This is exactly the same as what would happen in the wild, only the insects would be eating whatever foliage was there. It's the food cycle and the way that our reps get the nutrients they need.


----------



## plank (Jul 7, 2008)

Yes I understand that but my point was this - if the gut of the prey contains what would be considered an unsuitable foodstuff, does this in any way compromise the well-being of the reptile. In other words, should we only be gut loading mealworms and other food insects with the correct type of food for the animal to which it is going to be fed?


----------



## imginy (Jun 14, 2009)

plank said:


> Yes I understand that but my point was this - if the gut of the prey contains what would be considered an unsuitable foodstuff, does this in any way compromise the well-being of the reptile. In other words, should we only be gut loading mealworms and other food insects with the correct type of food for the animal to which it is going to be fed?


Yes you should gut load with stuff that's good for your reps.

This is why my roach colonies are feed on vegetarian diet.


----------



## kelsey7692 (Jul 28, 2010)

plank said:


> Yes I understand that but my point was this - if the gut of the prey contains what would be considered an unsuitable foodstuff, does this in any way compromise the well-being of the reptile. In other words, should we only be gut loading mealworms and other food insects with the correct type of food for the animal to which it is going to be fed?


Considering that this happens daily in the wild I doubt it compromises the health of the animal though I slightly confused to what your asking.

What would you consider the correct type of food stuff to gut load if you say carrot may be wrong as the animal doesn't naturally eat it?


----------



## PhillyDee (May 17, 2010)

I get what the op is talking about, in the fact that they are insectivors, but they are consuming plant matter by eating gutloaded insects.

OP, the plant matter has already been partly digested, and changed to a useable form for the reptiles involved in the chomping of jumpy wriggly things.


----------



## kelsey7692 (Jul 28, 2010)

PhillyDee said:


> I get what the op is talking about, in the fact that they are insectivors, but they are consuming plant matter by eating gutloaded insects.
> 
> *OP, the plant matter has already been partly digested, and changed to a useable form for the reptiles involved in the chomping of jumpy wriggly things.*


That is what I was trying to say in my first post but I explained it rather poorly.


----------



## plank (Jul 7, 2008)

kelsey7692 said:


> ...What would you consider the correct type of food stuff to gut load if you say carrot may be wrong as the animal doesn't naturally eat it?


You`ve answered your own question... only gut load with suitable food.
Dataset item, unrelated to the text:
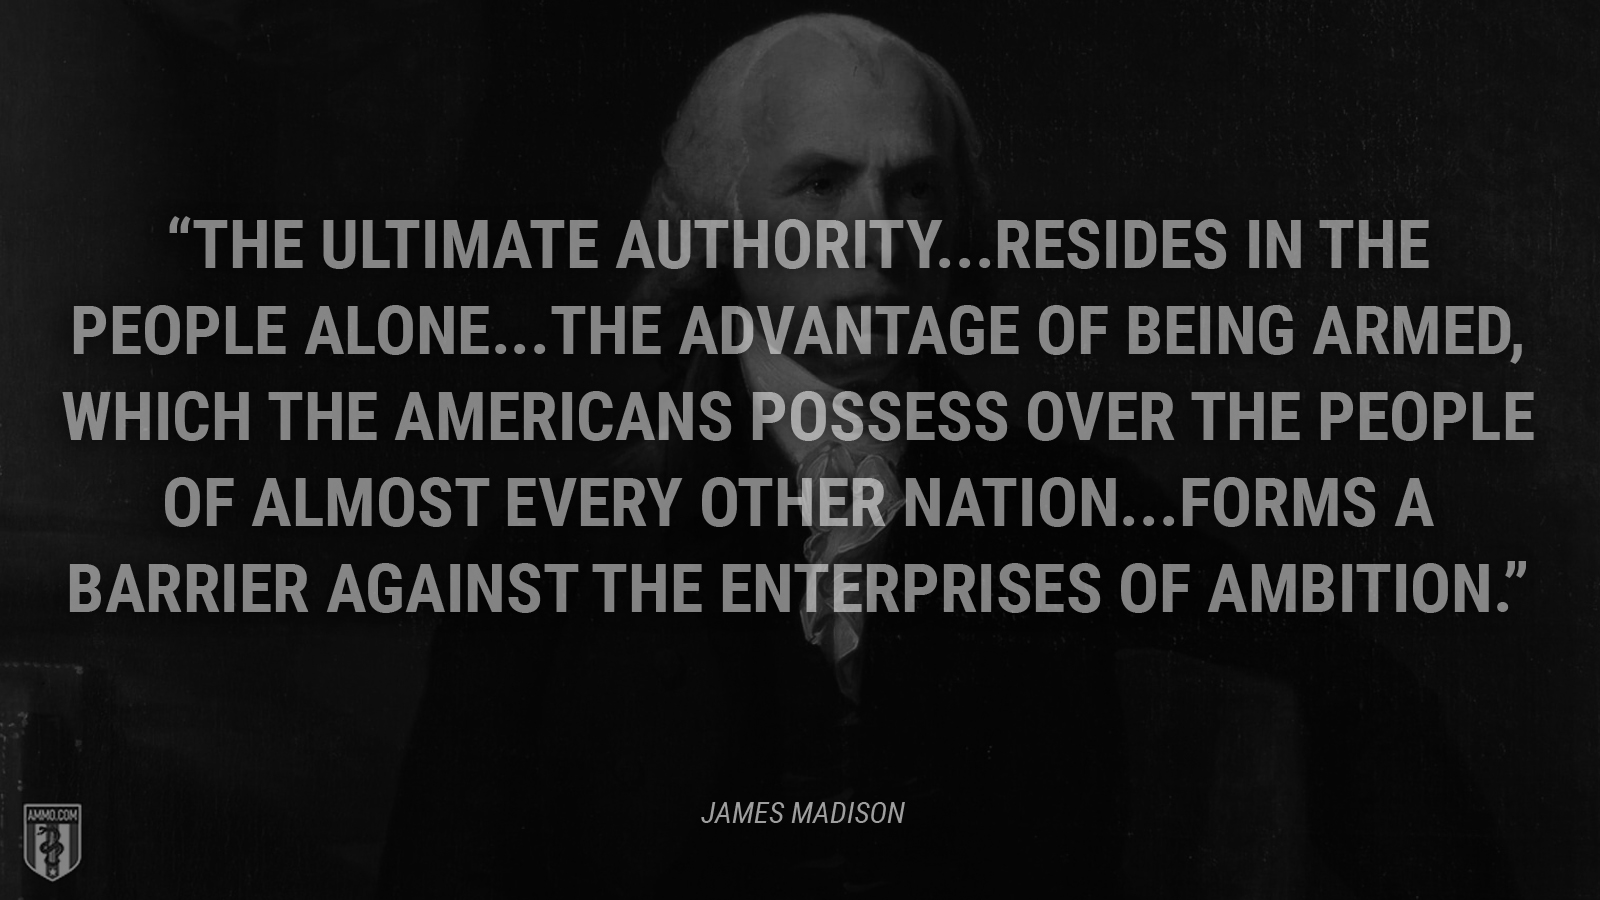 “The ultimate authority...resides in the people alone...The advantage of being armed, which the Americans possess over the people of almost every other nation...forms a barrier against the enterprises of ambition.” - James Madison
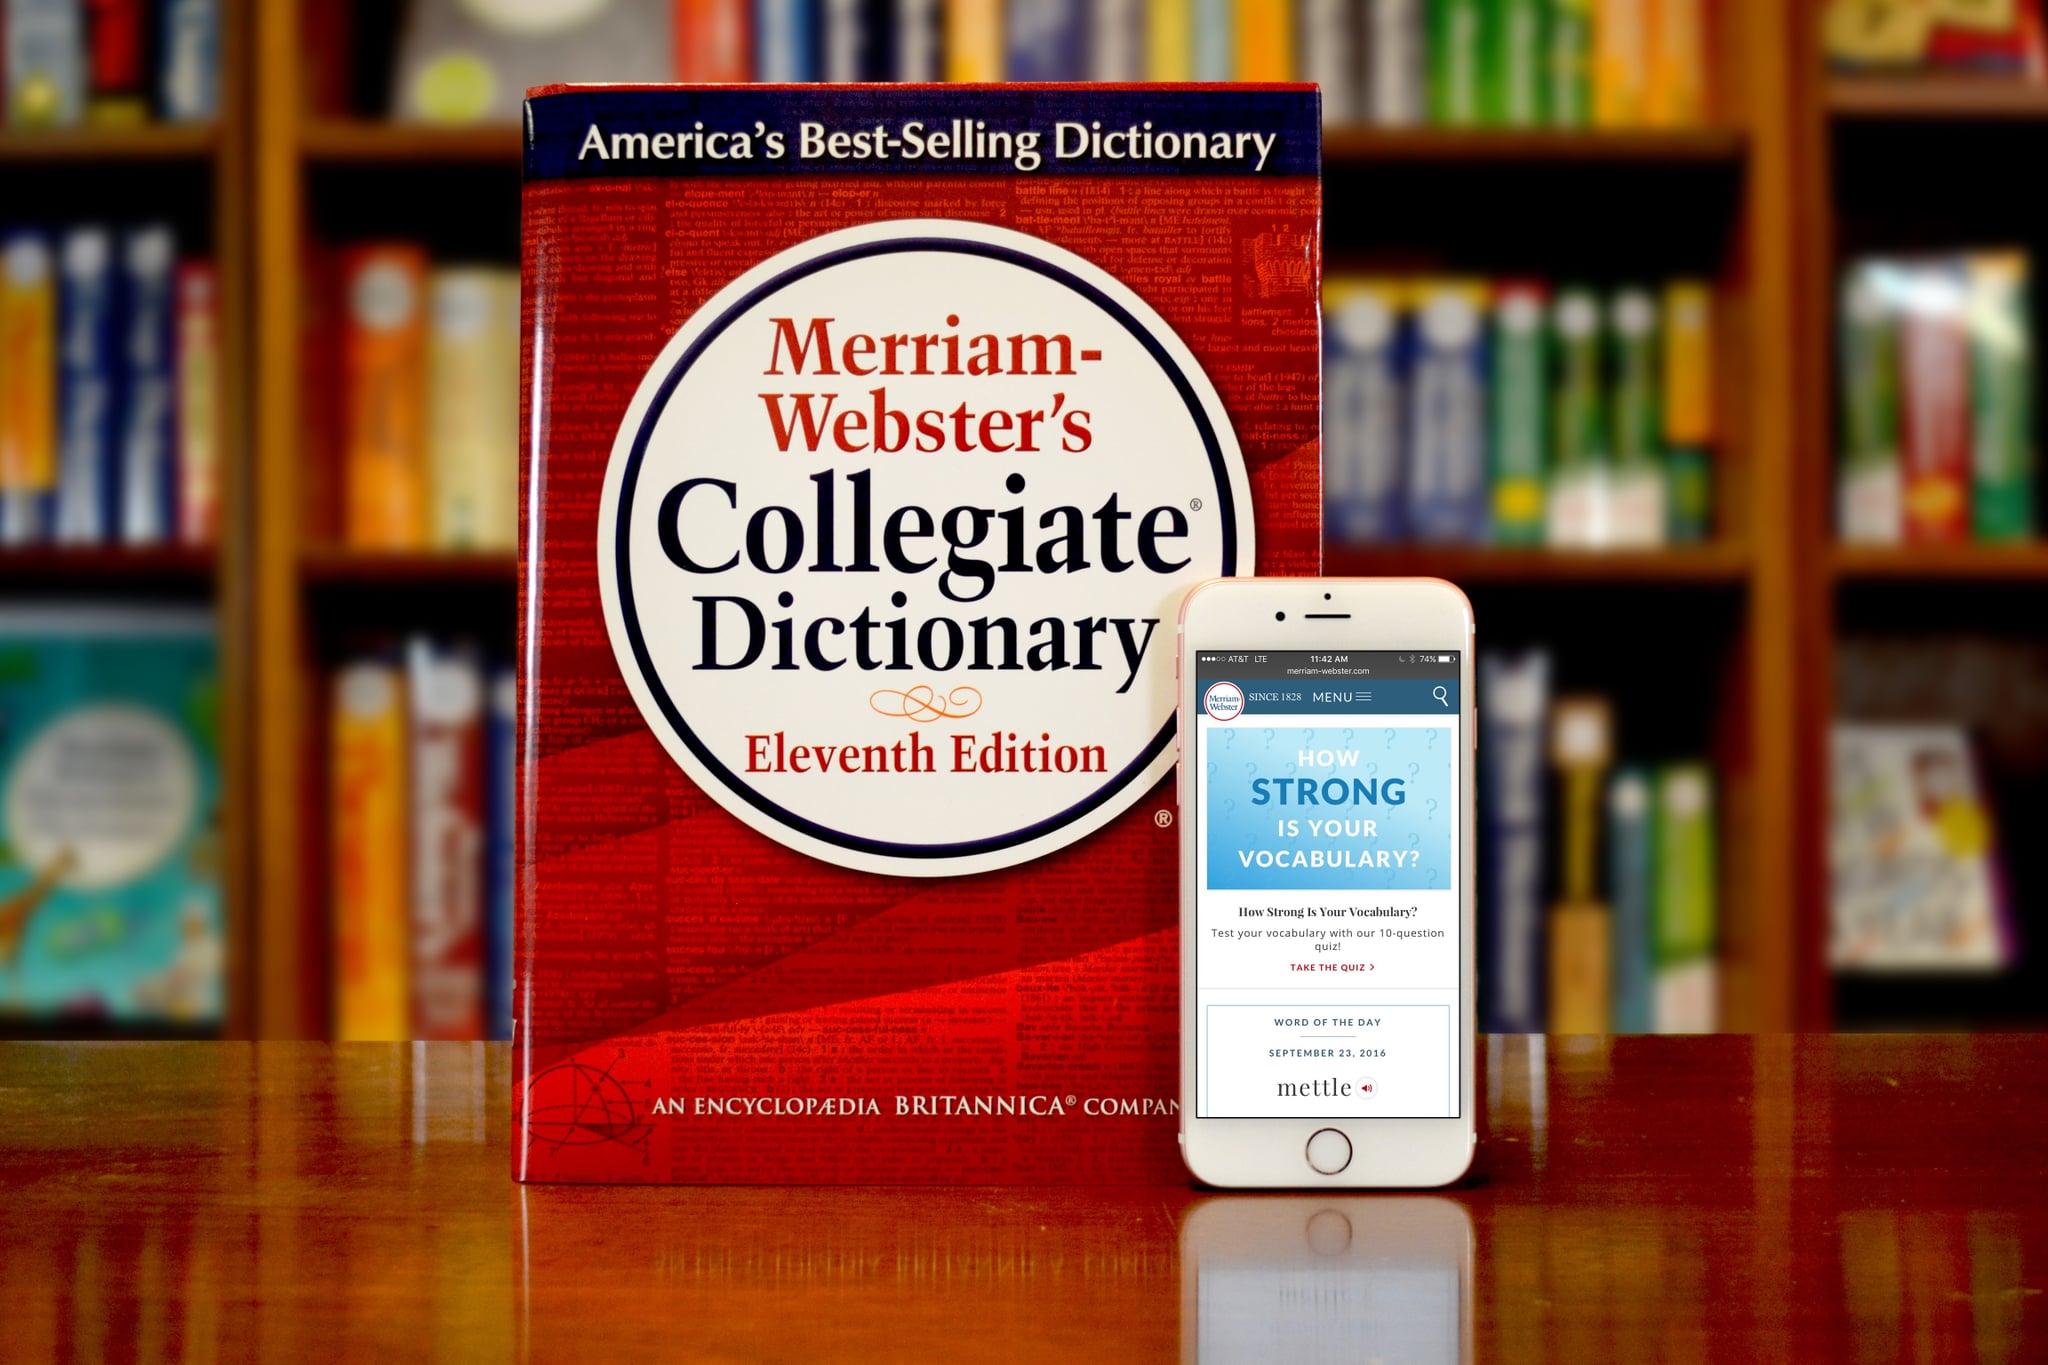 SPRINGFIELD, MA - SEPTEMBER 23: In this handout image provided by Merriam-Webster, Merriam-Webster's Collegiate Dictionary and mobile website are displayed September 23, 2016 in Springfield, Massachusetts.  (Photo by Joanne K. Watson/Merriam-Webster via Getty Images)

Why, if you have a choice, would you choose to feed food insects on anything other than what you would automatically feed to your rep.





PhillyDee said:


> I get what the op is talking about, in the fact that they are insectivors, but they are consuming plant matter by eating gutloaded insects.
> 
> OP, the plant matter has already been partly digested, and changed to a *useable form* for the reptiles involved in the chomping of jumpy wriggly things.


Yes that`s the answer to my question I think... but better still just to feed the right food in the first place.


----------



## kelsey7692 (Jul 28, 2010)

plank said:


> You`ve answered your own question... only gut load with suitable food. Why, if you have a choice, would you choose to feed food insects on anything other than what you would automatically feed to your rep.


I gut load using a mix of veg peelings and dry/cat dog food. None of these I would feed directly to my rep but I feed them to my live food to provide them with the nutrients to pass on to my gecko.

Leos are purely insectivorous. I would never dream of trying to feed them a carrot but I would feed the live food a carrot. You can't gut load live food on live food, can you?

In the wild live food would each foliage that the reps wouldn't eat themselves, the nutrients from this would then be passed onto the reptile after being digested by the live food.


----------